Do you believe you have the right to know details about where your food comes from? If so, get to know more about a new law that keeps consumers in the dark in order to honour the privacy rights of food producers.
What are ag-gag laws?
Coined by New York Times columnist Mark Bittman, ag-gag laws refers to any bill that attempts to criminalize whistleblowers for informing the public about factory farm practices. According to Bittman, these bills “seek to punish not only photographers and videographers but those who distribute their work, which means organizations like the Humane Society of the United States and Mercy for Animals.”
Who is trying to pass ag-gag laws?
Supporters of ag-gag laws believe that such bills strengthen private property rights, protecting business owners from intruders of their workplace, a nonpublic area, from rivals who seek to steal information or expose their practices.
Some supporters, including the board of directors for the “Animal and Ecological Terrorism in America” act, go further with their accusations, calling whistleblower investigations on factory farms an act of terrorism. According to Bill Moyers, Managing Editor of Huffington Post Green, “Just two Septembers after the atrocious attacks that killed three thousand Americans, and as we were still trying to figure out how to cope with terrorism, ALEC compared “extreme animal rights and environmental militants” to “terrorist groups like Al Qaeda.””
Who is attempting to outlaw ag-gag bills?
With data suggesting that 99 percent of farm animals in the United States are raised in factory farms, it is no wonder that animal rights activists and organizations have been attempting to explore the practices involved in meat production.
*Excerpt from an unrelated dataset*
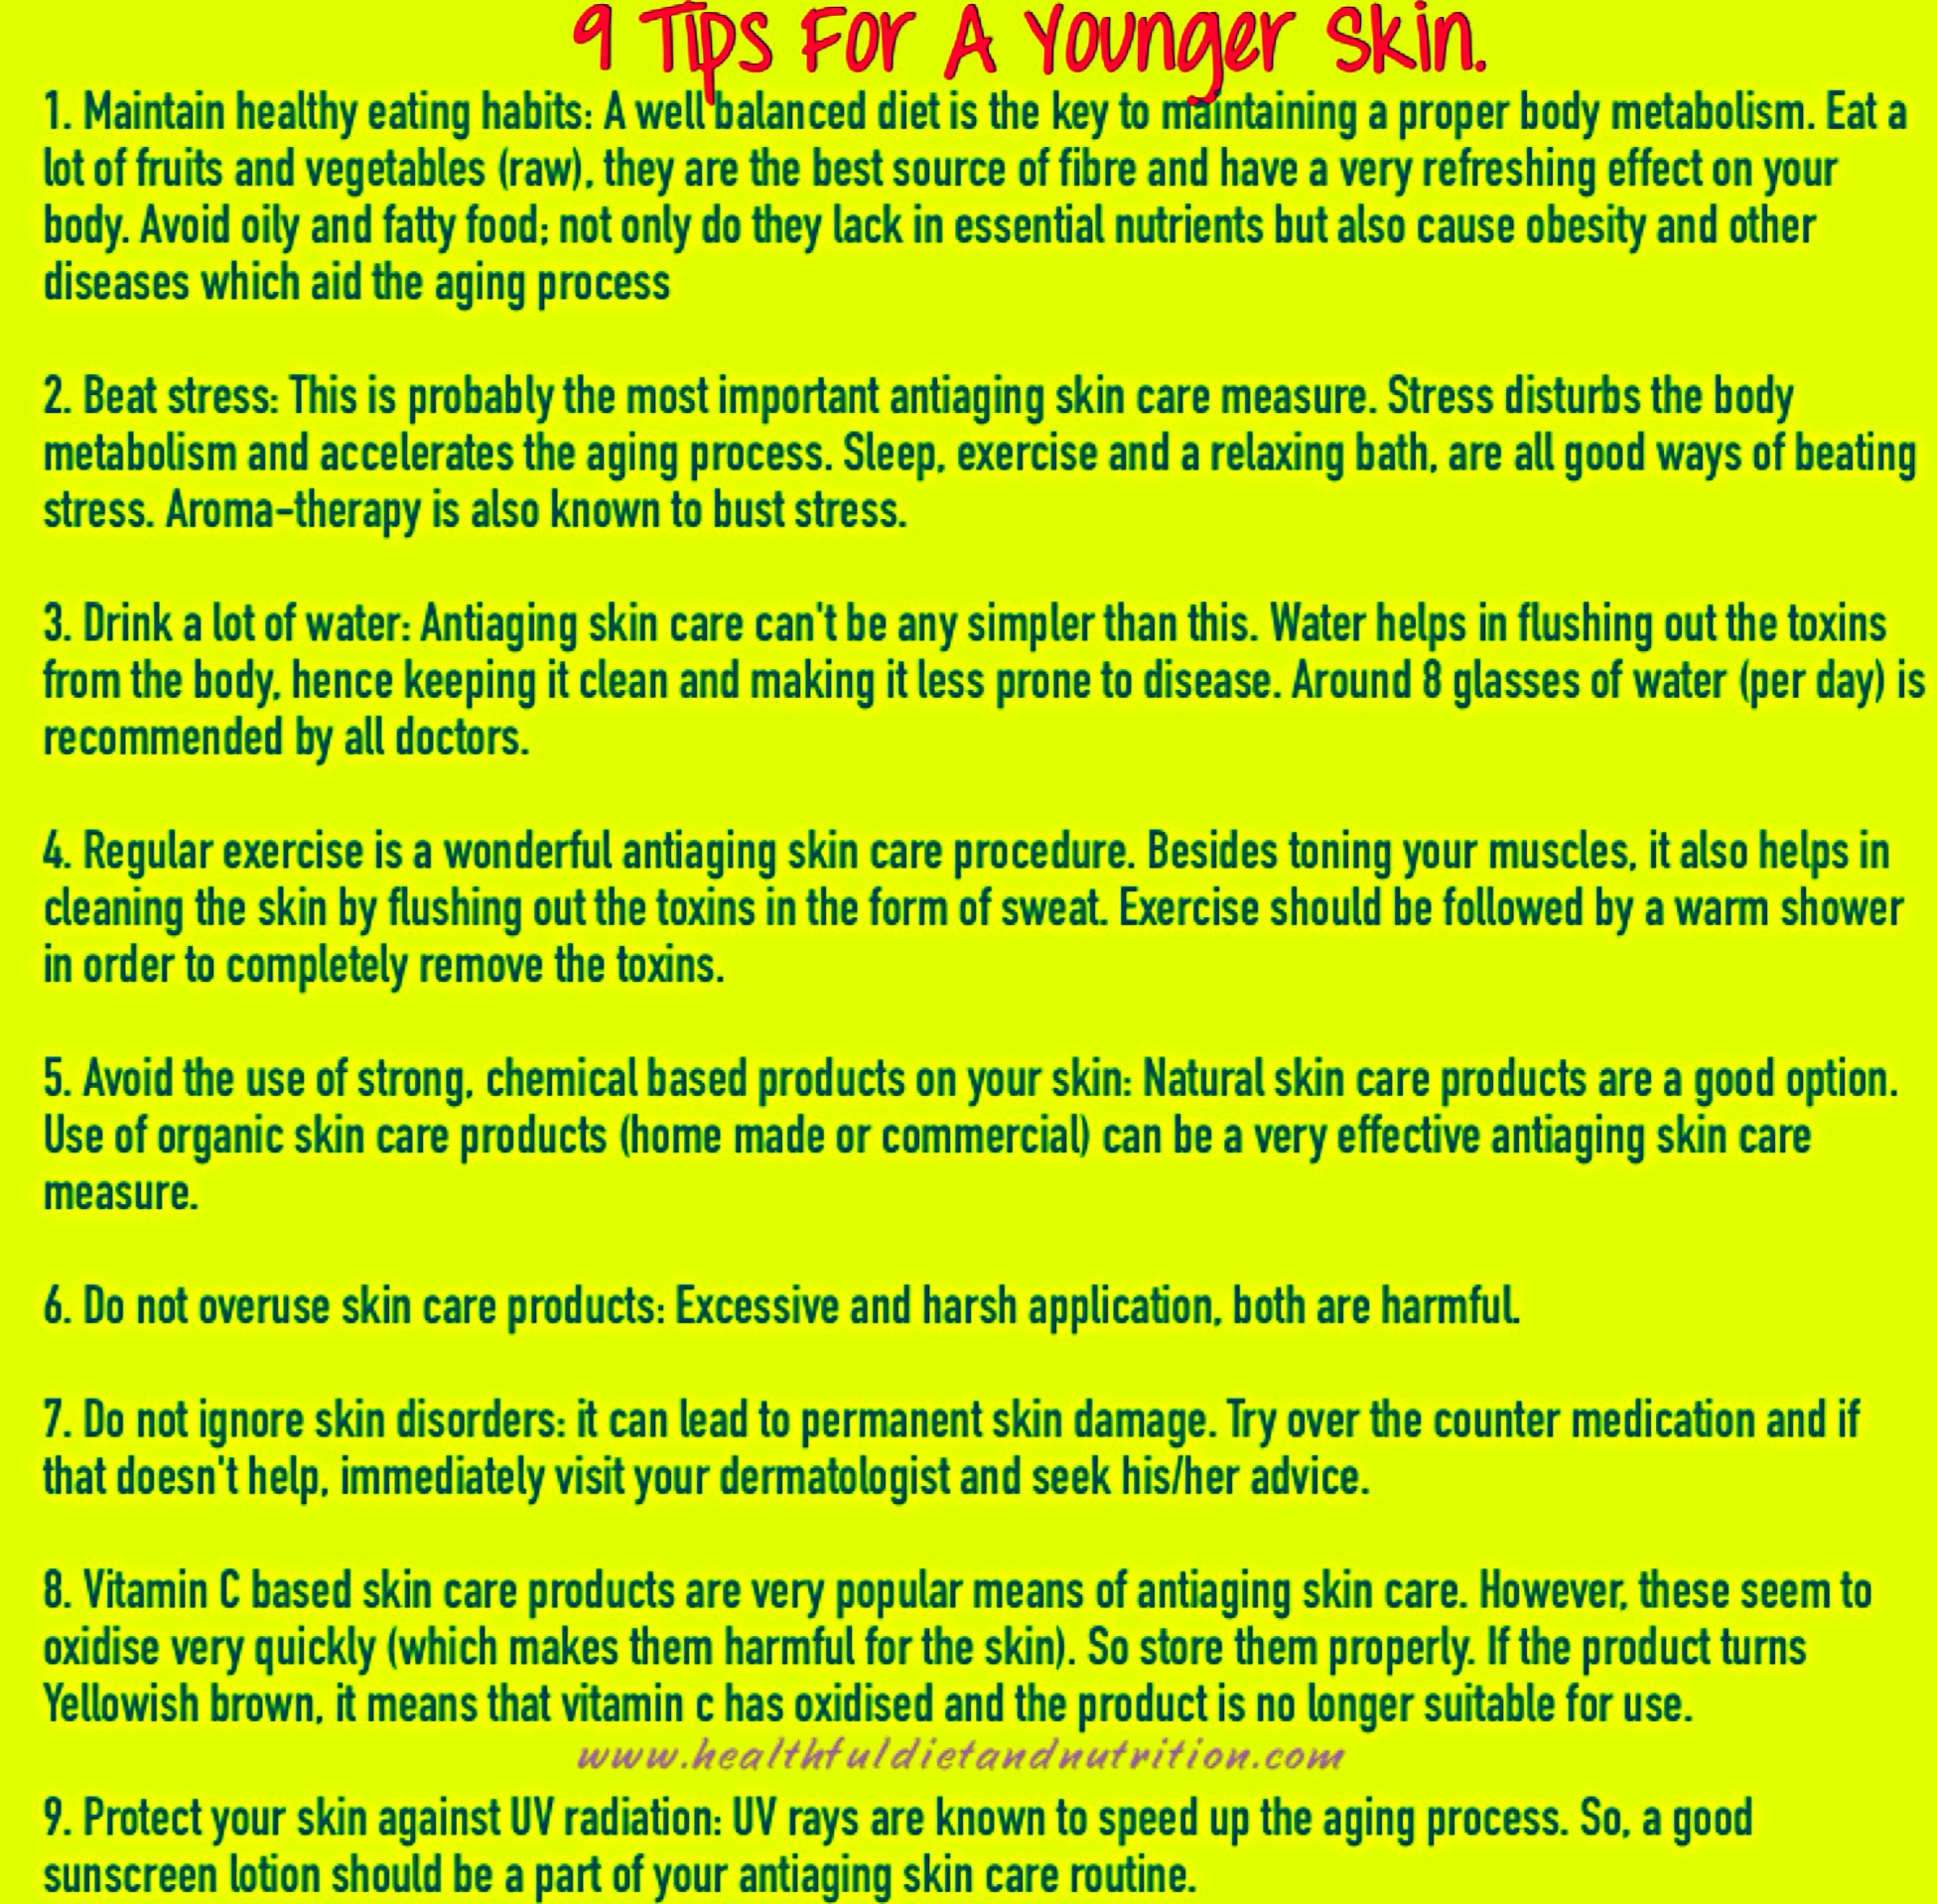 9 Tips For A Younger Skin

However, since most producers of animal products do not typically disclose information about their practices, or welcome outsiders in to observe what goes on in their facilities, information relating to some of the largest meat producers remains private.
The widespread belief that the reality behind meat production should be known to consumers has inspired whistleblowers to go undercover and reveal factory farming practices, in order to make them known.
Ag-gag laws challenge this behaviour by making it illegal to investigates factory farms, and thus impossible for these facts to become public knowledge. A problematic reality since the truth could potentially prevent conumers from making informed decisions related to their health. In fact, Wired magazine claimed that, since unethical, subpar environments often encourage unsanitary conditions, “ag gag laws could make America sick.”
“Ag gag laws could make America sick.”
Critics, like Matt Dominguez of the HSUS Farm Animal Protection Campaign, believe that the attempt by the meat industry to hide their practices only serves to prove that their behaviour is a problem worth concealing. “The industry’s response is not to clean up the bad behavior, but rather to make investigations illegal. We show what they’re desperate to hide from the American public.”
Others believe that by limiting the ability for citizens to speak openly and freely about these unethical practices, ag-gag bills challenge free speech in an open and democratic society. Furthermore, ag-gag bills deter employees from reporting illegal activities that affect the public. For this reason, North Carolina governor Pat McCrory vetoed the bill.
“While I support the purpose of this bill, I believe it does not adequately protect or give clear guidance to honest employees who uncover criminal activity.”
Celebs Who Have Spoken Out
In May, Martha Stewart and Kesha took to twitter to speak out against North Carolina’s House Bill 405, The Property Protection Act, which allows business owners to sue employees who conduct undercover investigations on their property. Despite efforts from critics of the bill, who refer to it as an ag-gag bill since it criminalizes undercover and whistleblowing activity, the bill was passed on June 3.
Other celebrity spokespersons include Tony Kanal and Moby. The vegan celebrities partnered with Mercy for Animals’ #NoAgGag campaign, sealing their mouths for a photo shoot, in order to support the idea that ag-gag laws limit free speech.
So…What Can You Do?
While the recent approval of Bill 405 in North Carolina was bad news for anti ag-gag activists, their successes outweigh their defeats. While only five states have ag-gag laws passes, 19 states have defeated them. With groups such as Mercy For Animals continuing undercover investigations across the United States and in Canada, it is likely that bills such as North Carolina’s Bill 405 and other Ag-gag laws will continue to emerge in states and provinces across North America.
Speak out by sharing information about the acts of animal cruelty involved in many factory farms, and the ag-gag laws that attempt to conceal them.
Explore the benefits of a vegan diet, or shop responsibly. Portland butcher Camas Davis found a balance between veganism and factory farming that works for her. She shares her knowledge about responsible and cruelty-free meat production through her butchery school, the Portland Meat Collective.